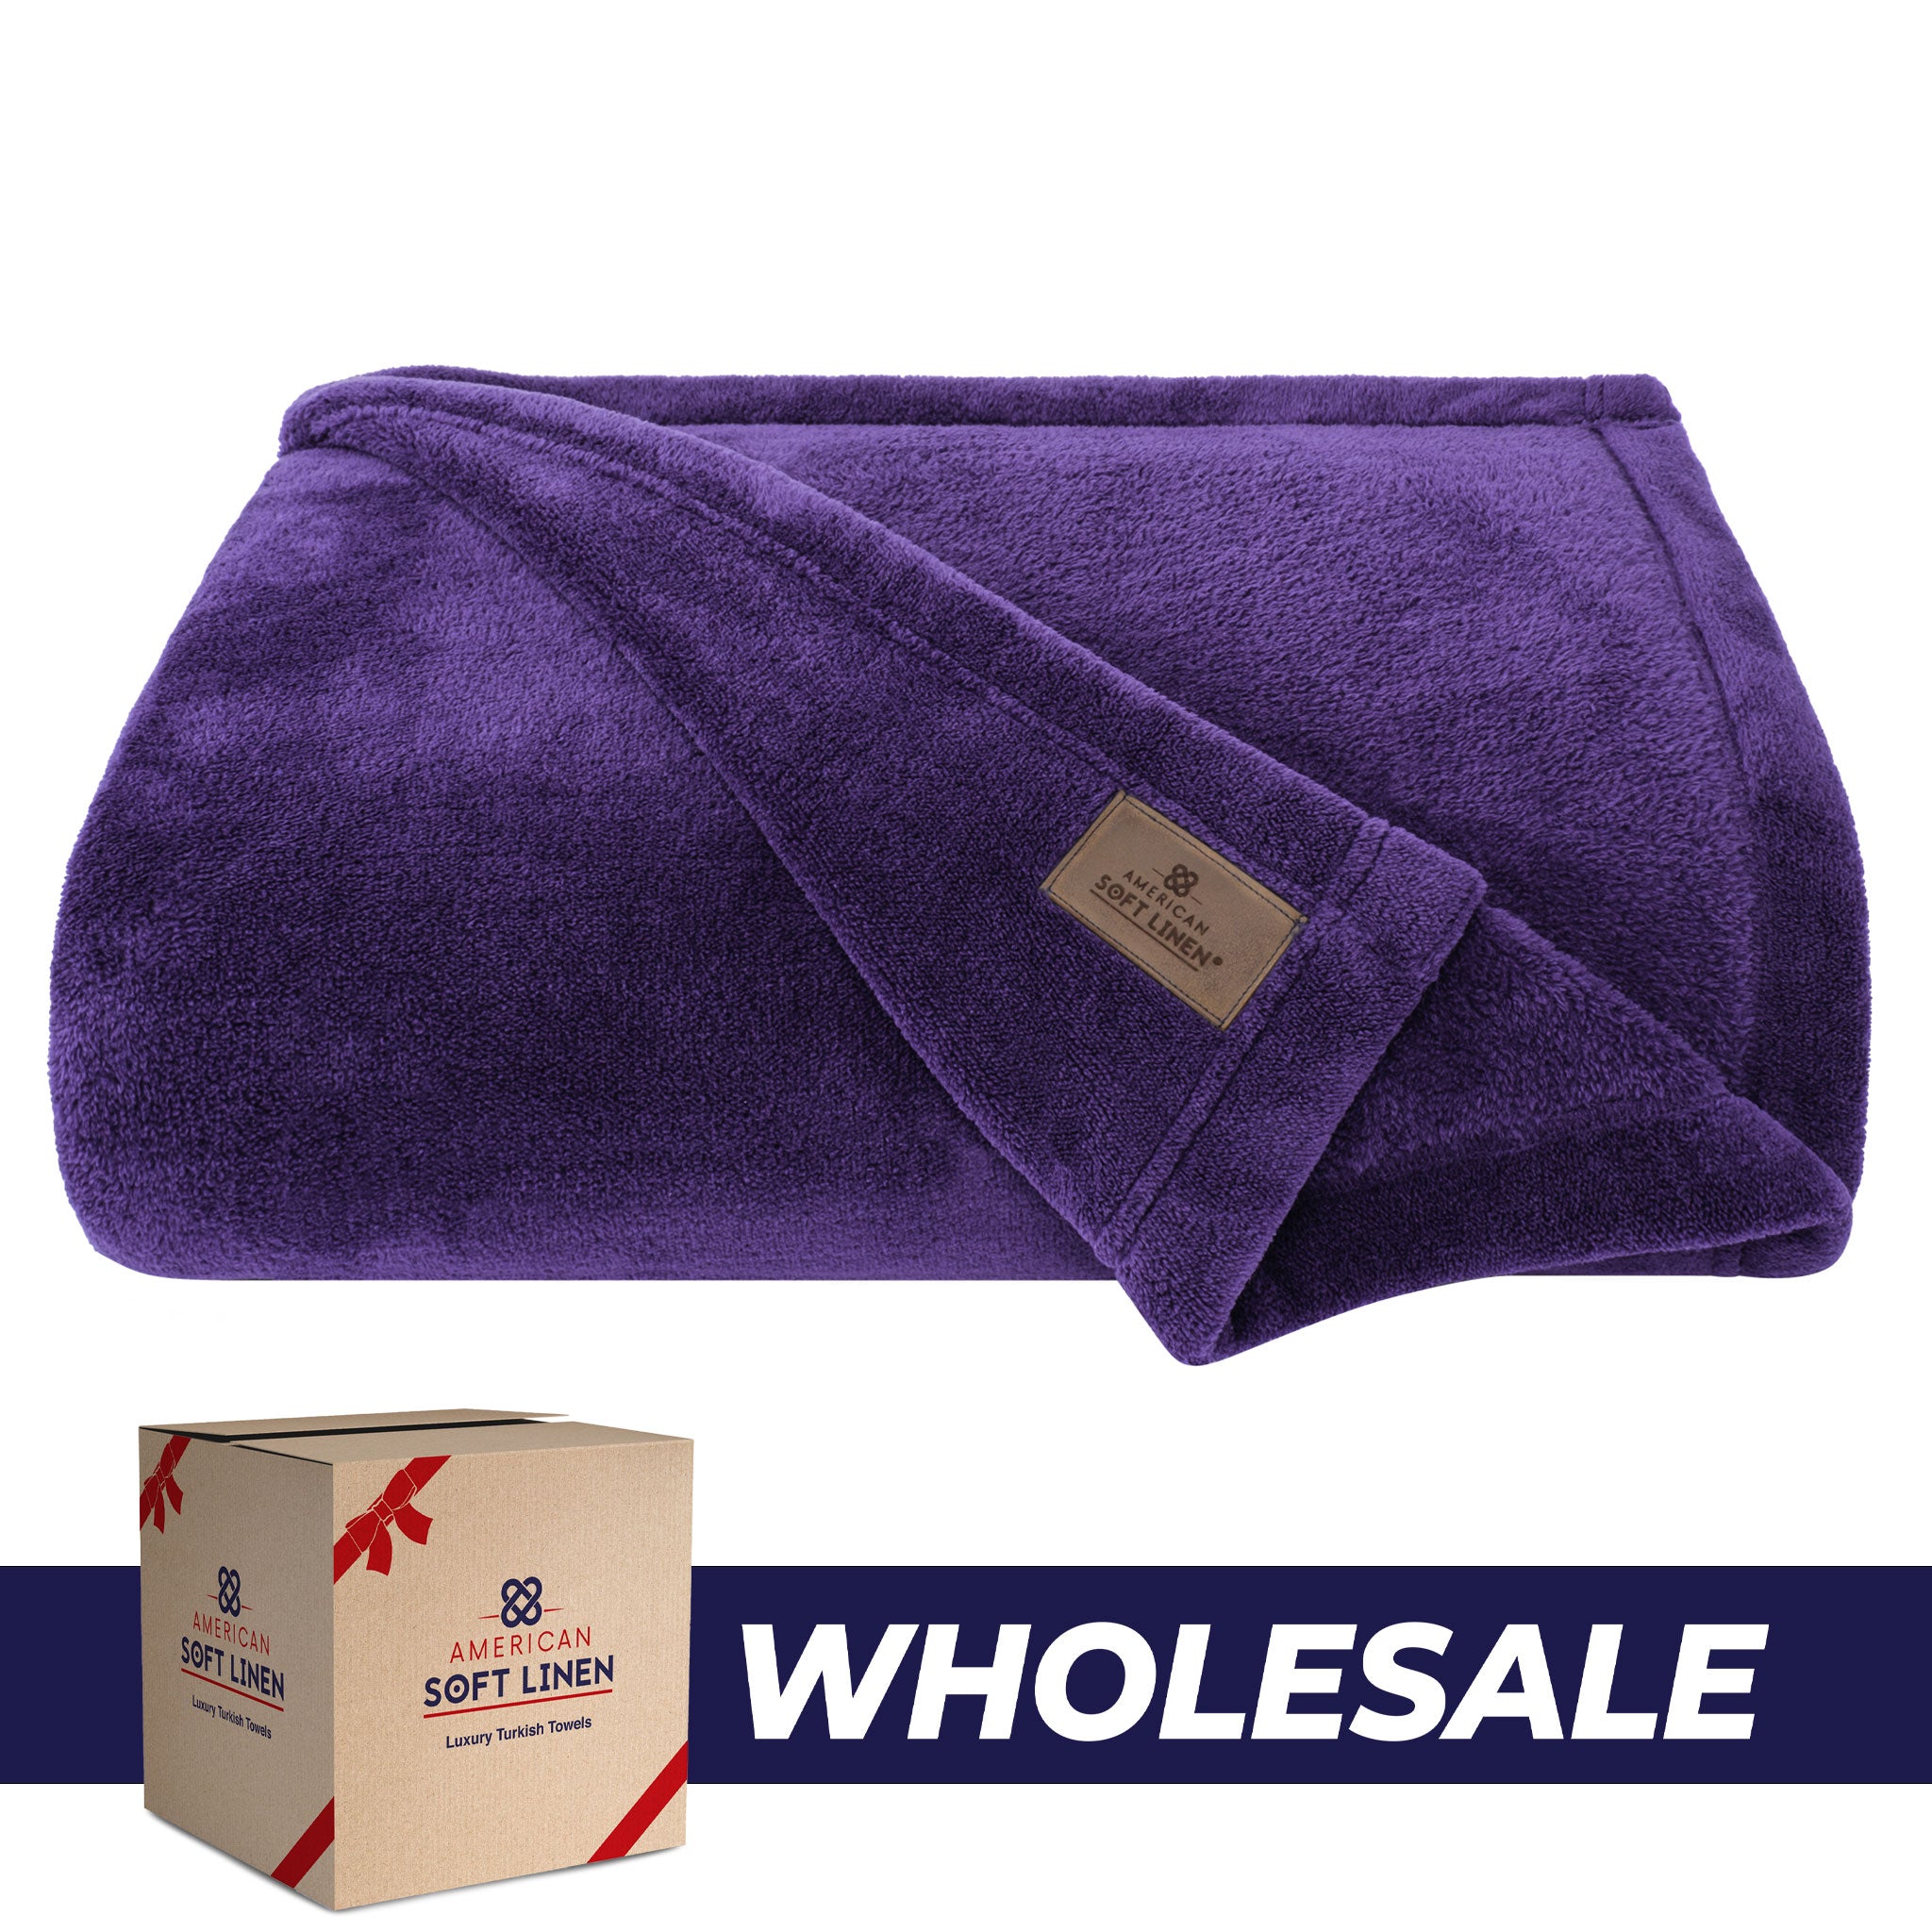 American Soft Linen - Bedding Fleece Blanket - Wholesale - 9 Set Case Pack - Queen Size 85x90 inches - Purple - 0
---
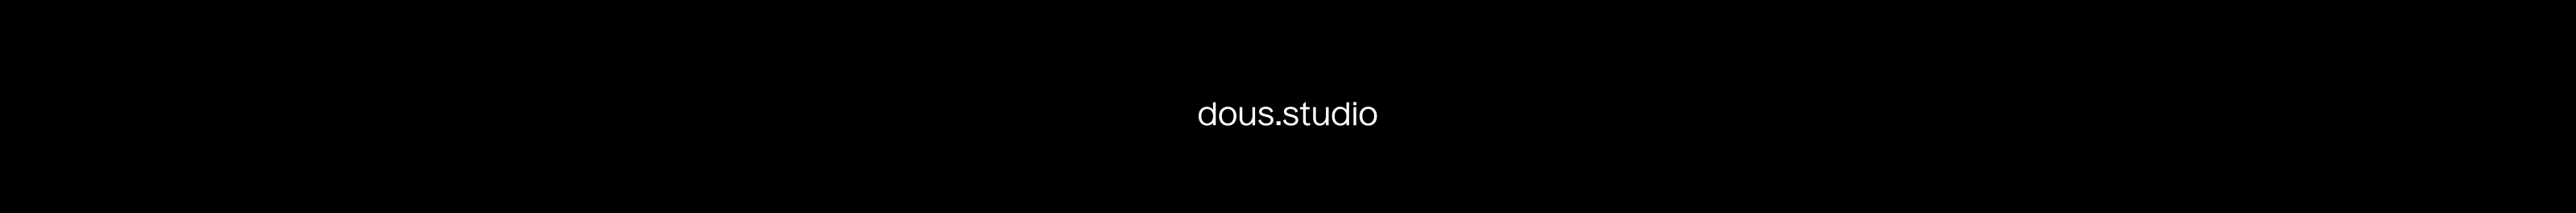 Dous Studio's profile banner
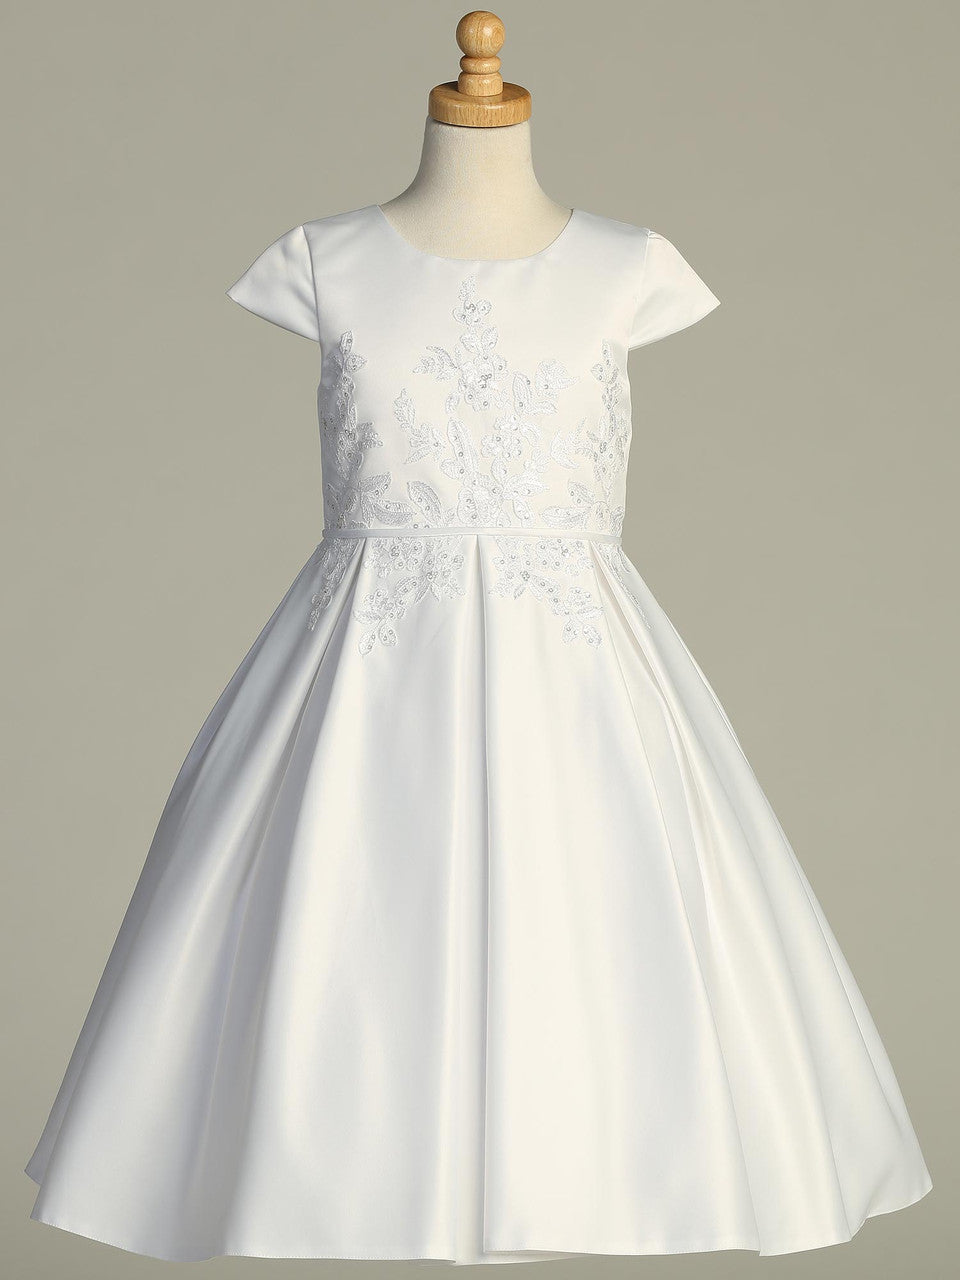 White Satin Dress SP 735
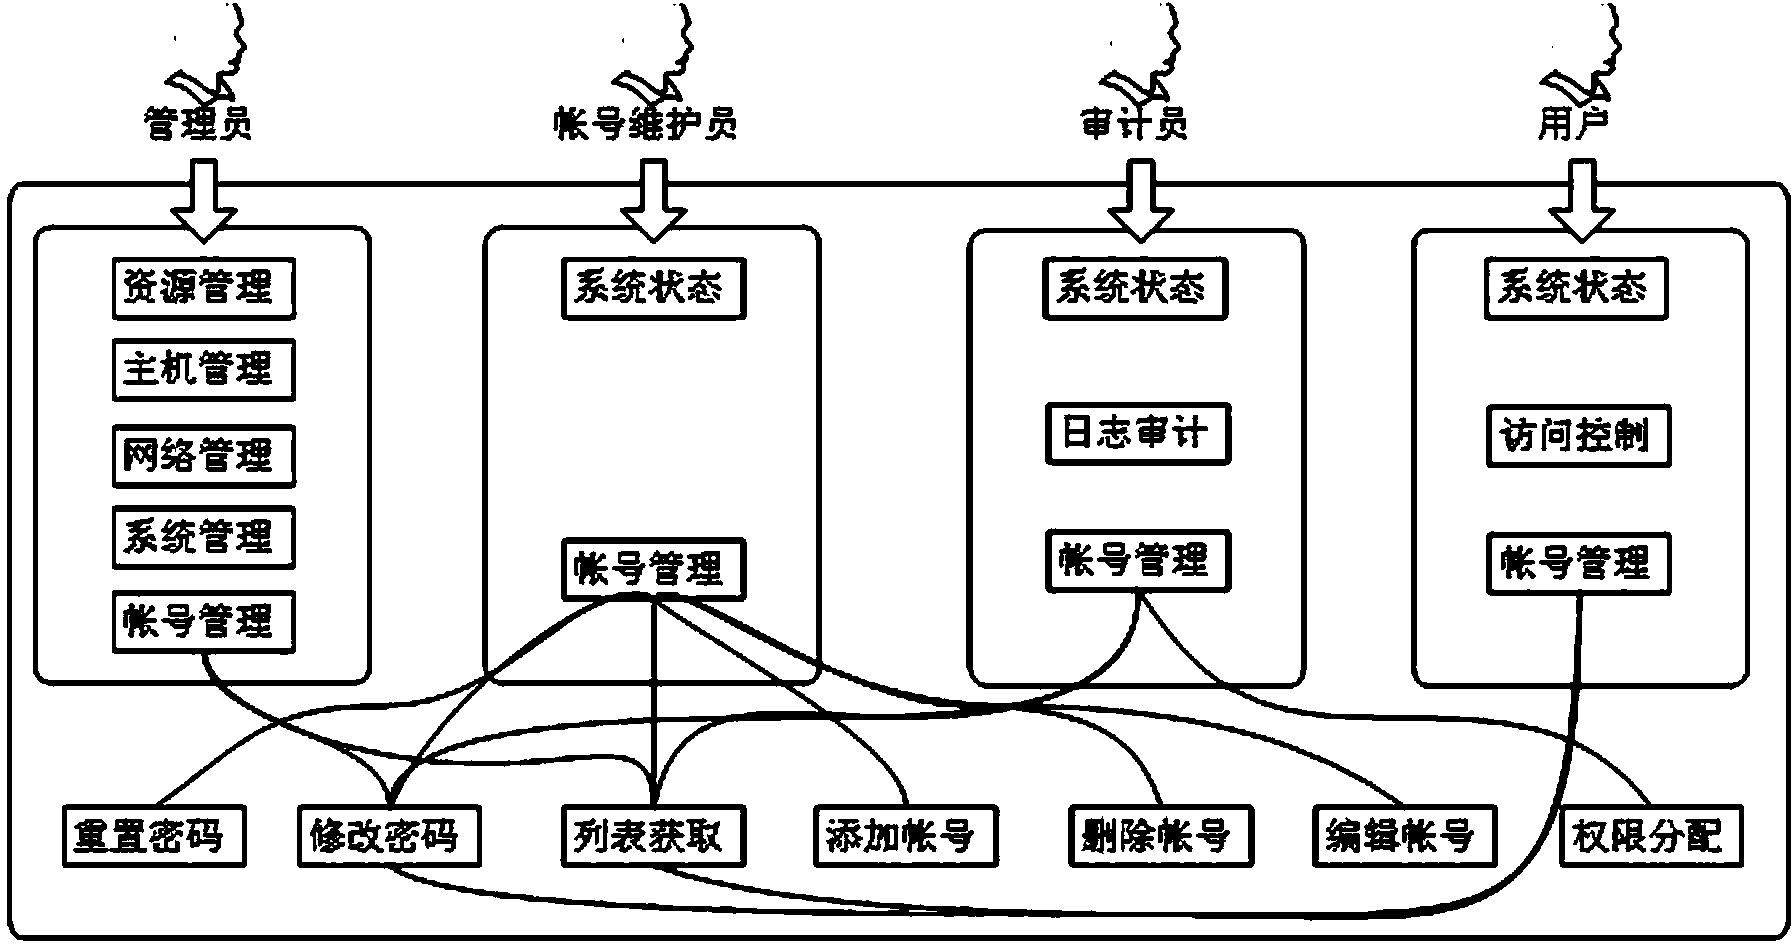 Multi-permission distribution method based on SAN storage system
...
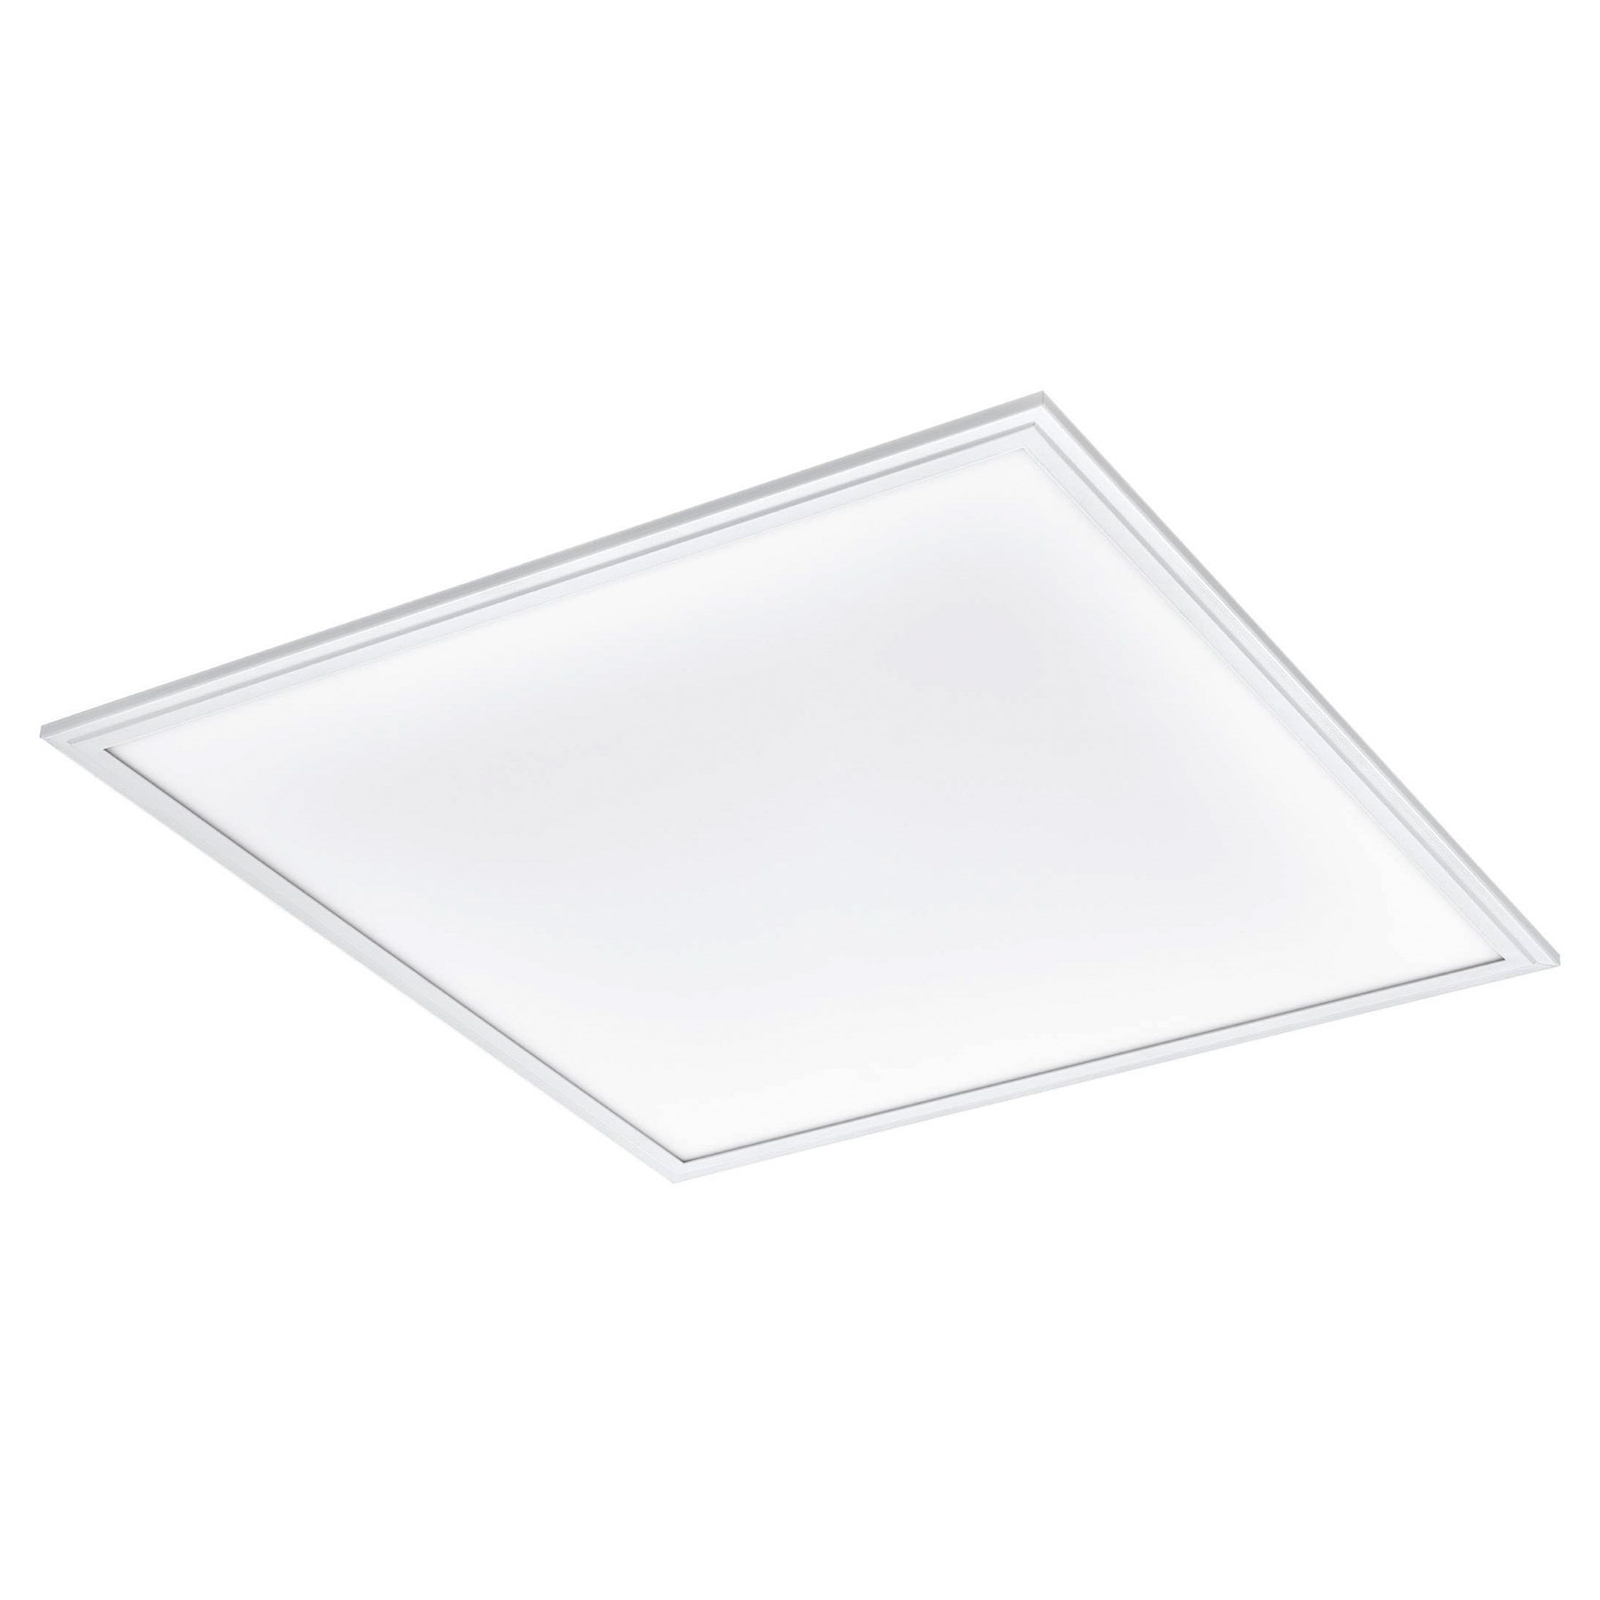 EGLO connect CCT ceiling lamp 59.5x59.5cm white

◆ About this exercise
Take the lines above starting at the one containing "White Satin Dress SP 735" and ending at the one containing "Multi-permission distribution method", and print them again exactly, without pictures.

◆ Solution to the problem
 White Satin Dress SP 735
 Multi-permission distribution method based on SAN storage system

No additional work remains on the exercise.